Alheio à troca de farpas entre o governo e o sindicato, o especialista em avaliações educacionais José Francisco Soares, professor da Universidade Federal de Minas Gerais (UFMG), afirma que, embora indispensáveis, as avaliações têm sempre um alcance limitado. “Ainda não há clareza sobre o que o professor precisa saber para ensinar. O que funciona numa cidade de 5 milhões de habitantes também vale para outra de 5 mil moradores? Lecionar numa periferia à noite é o mesmo que ensinar numa escola da região central pela manhã? É necessário avaliar, mas não dá para acreditar que uma única avaliação possa dar um veredicto seguro.” Para Soares, o Brasil ainda precisa discutir quais conteúdos os professores precisariam dominar para ensinar diferentes perfis de alunos, que vivem em condições distintas. E investir na qualificação deles. “Não adianta projetar um mundo ideal e excluir quem não se encaixa no sonho. Temos de trabalhar com o professor e com os alunos que temos hoje.”

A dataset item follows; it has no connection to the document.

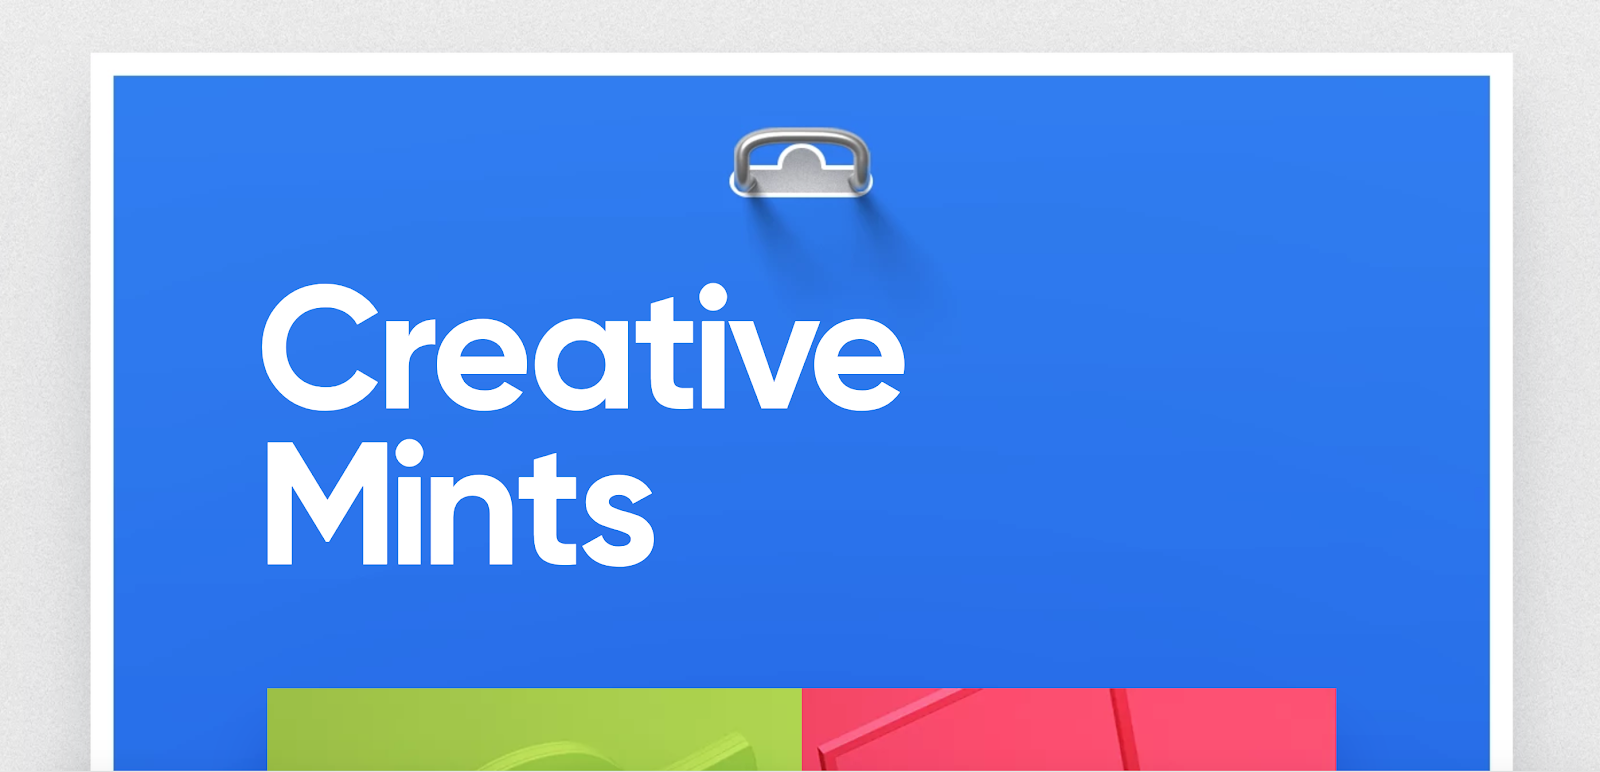 Portafolio de desarrolladores web de Creative Mints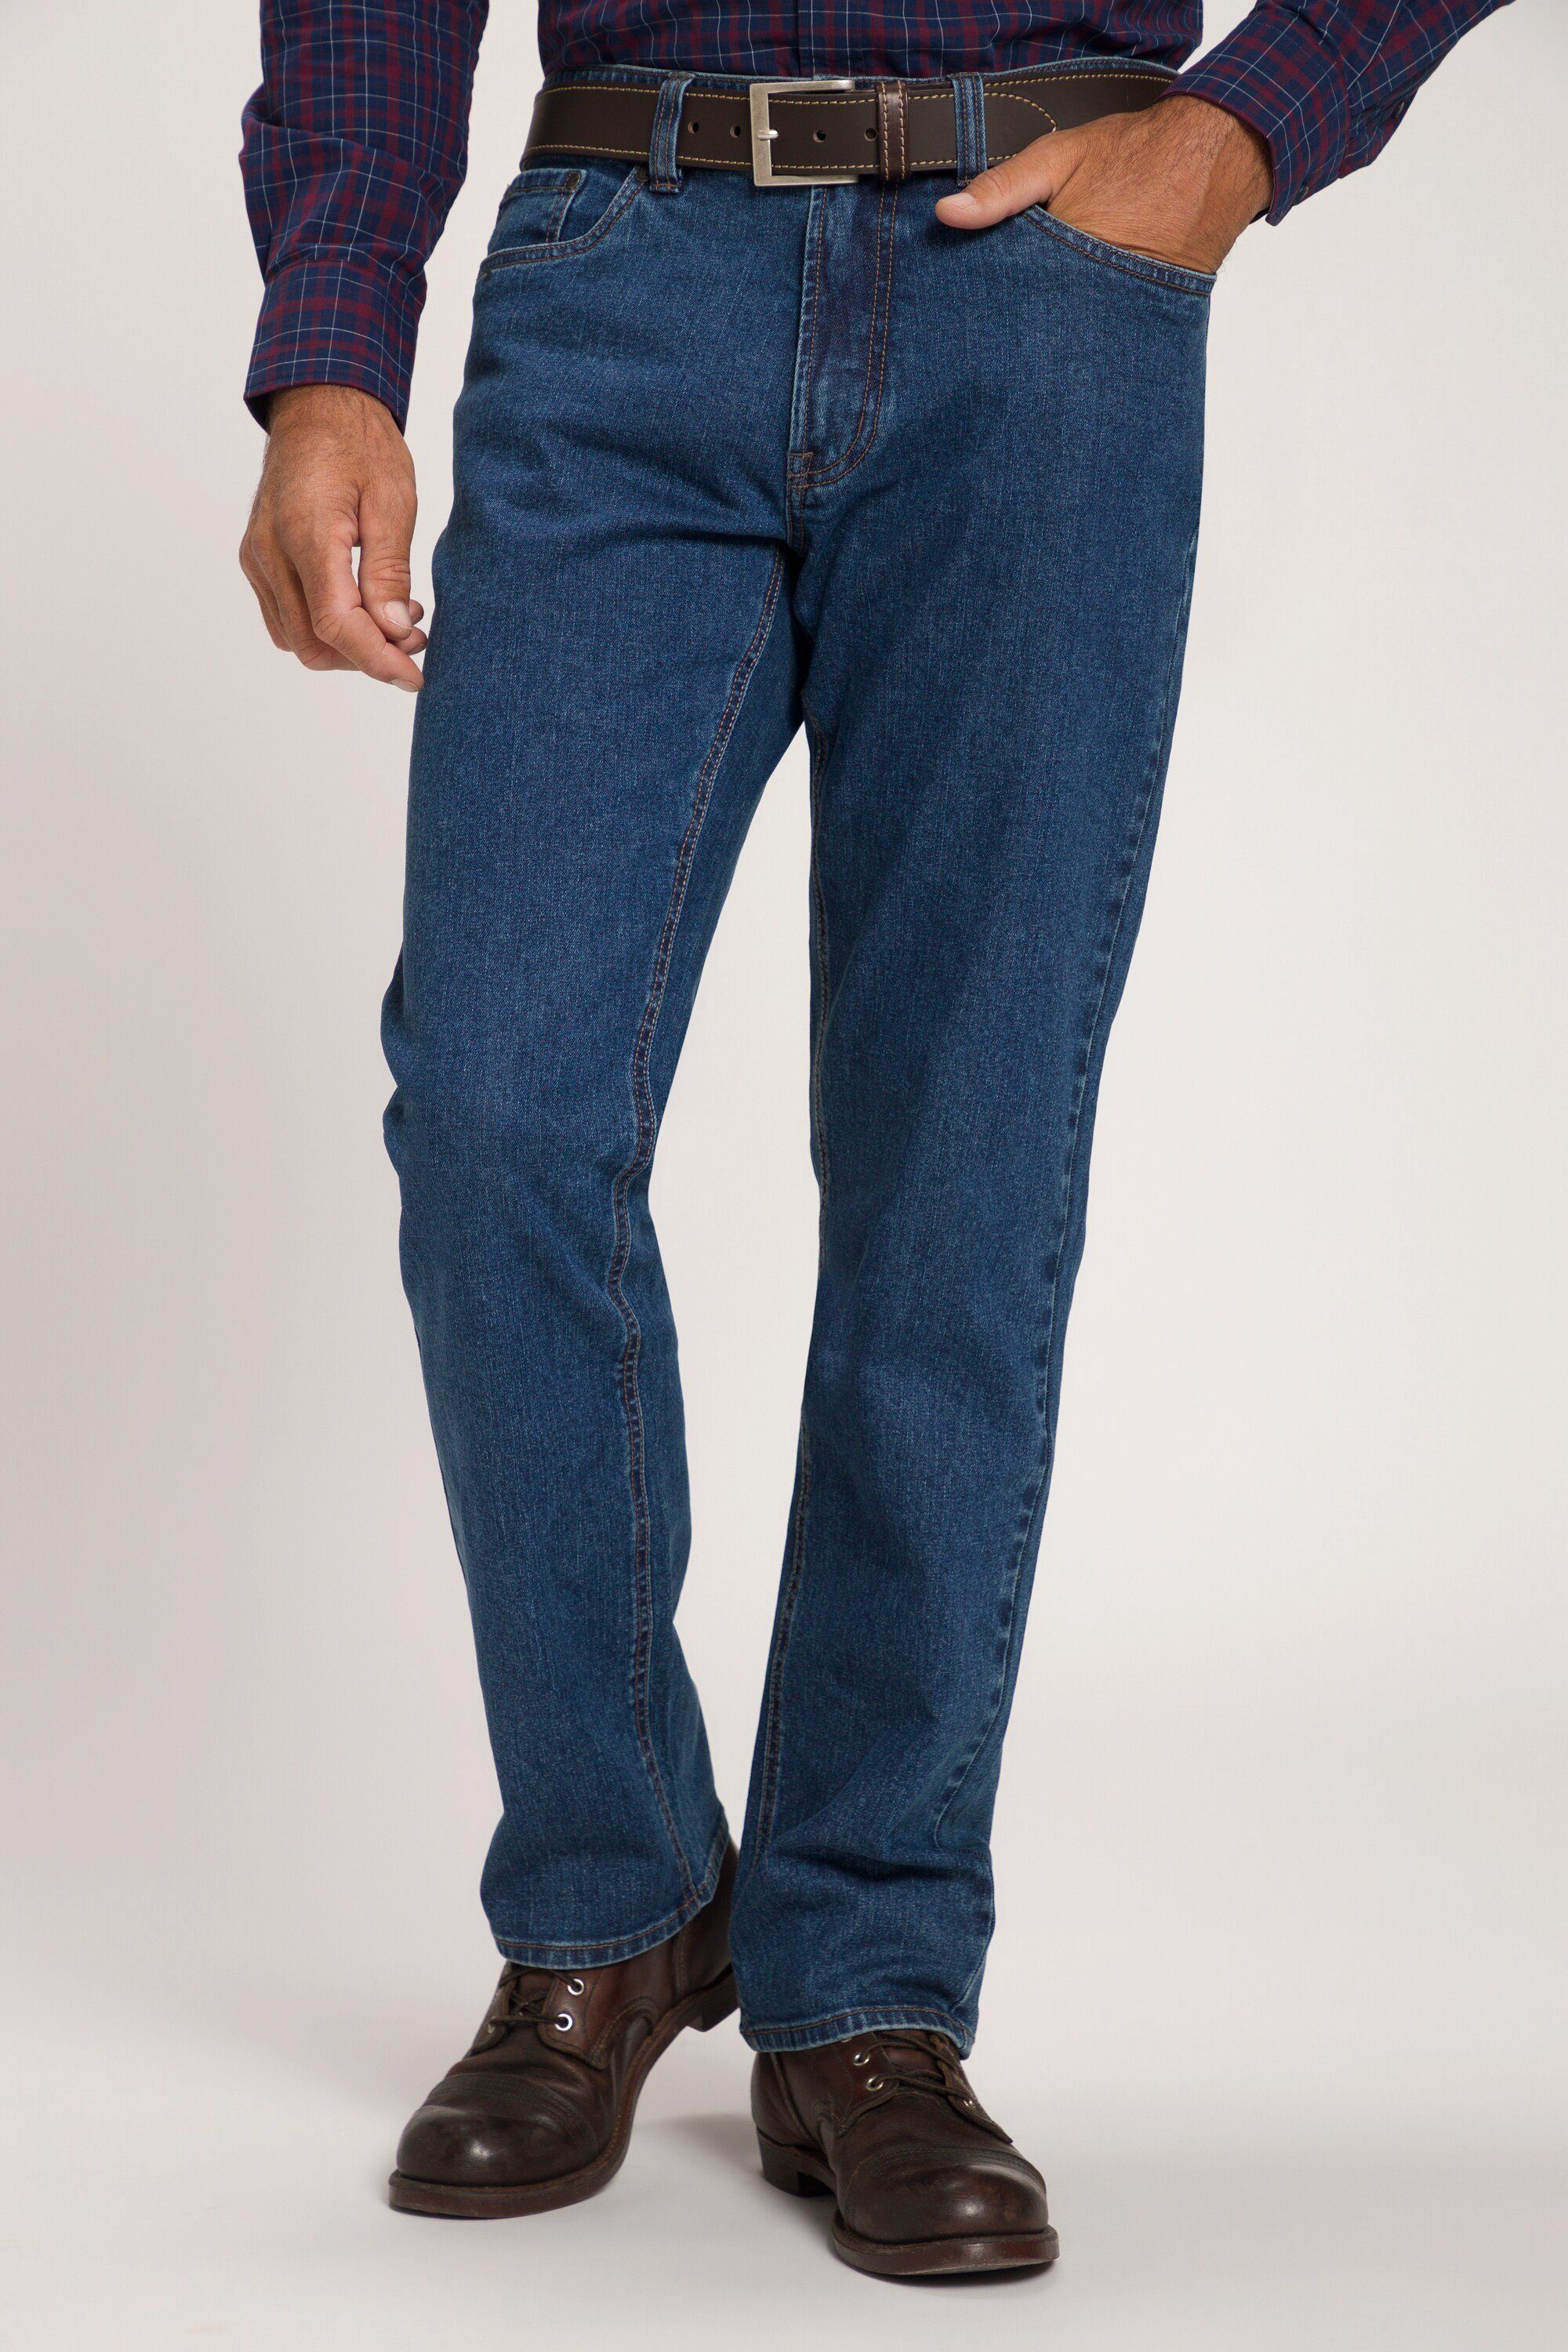 JP1880 Cargohose Jeans 5-Pocket Regular Fit bis Gr. 70/35

Na avaliação do sociólogo Sergio Haddad, presidente da ONG Ação Educativa, embora seja alarmante o elevado número de professores que zeraram a prova, o foco da indignação pública está equivocado. “De repente, a secretaria achou um culpado para as mazelas da educação pública: o docente, o ‘professor nota zero’. Mas quem é o real responsável por essa situação? A grande maioria dos professores estudou em escolas públicas e muitos em universidades mantidas pelo Estado. Eles investiram nos estudos e tentam trabalhar da melhor maneira possível, numa profissão pouco valorizada, e agora são acusados de burros, de ignorantes”, lamenta. “Ninguém discute a necessidade de se avaliar o professor, mas é preciso dar condições para ele trabalhar com dignidade, e não em escolas de lata ou de madeirite”. Mas quem entregaria, placidamente, o filho aos cuidados de um “professor nota zero”? “Eu não zerei a prova e já fui alvo desse tipo de preconceito. Mas a pergunta correta não foi feita. A quem interessa nos criminalizar?”, indaga a professora Anatalina, injustamente acusada de ser um “entulho” em sala de aula. “A falta de respeito é tão grande que não me admira que a profissão atraia pouca gente qualificada. Mas, por favor, não jogue todos os professores na mesma vala comum, porque tem muita gente boa lecionando. Por opção, e não por excelentes salários.”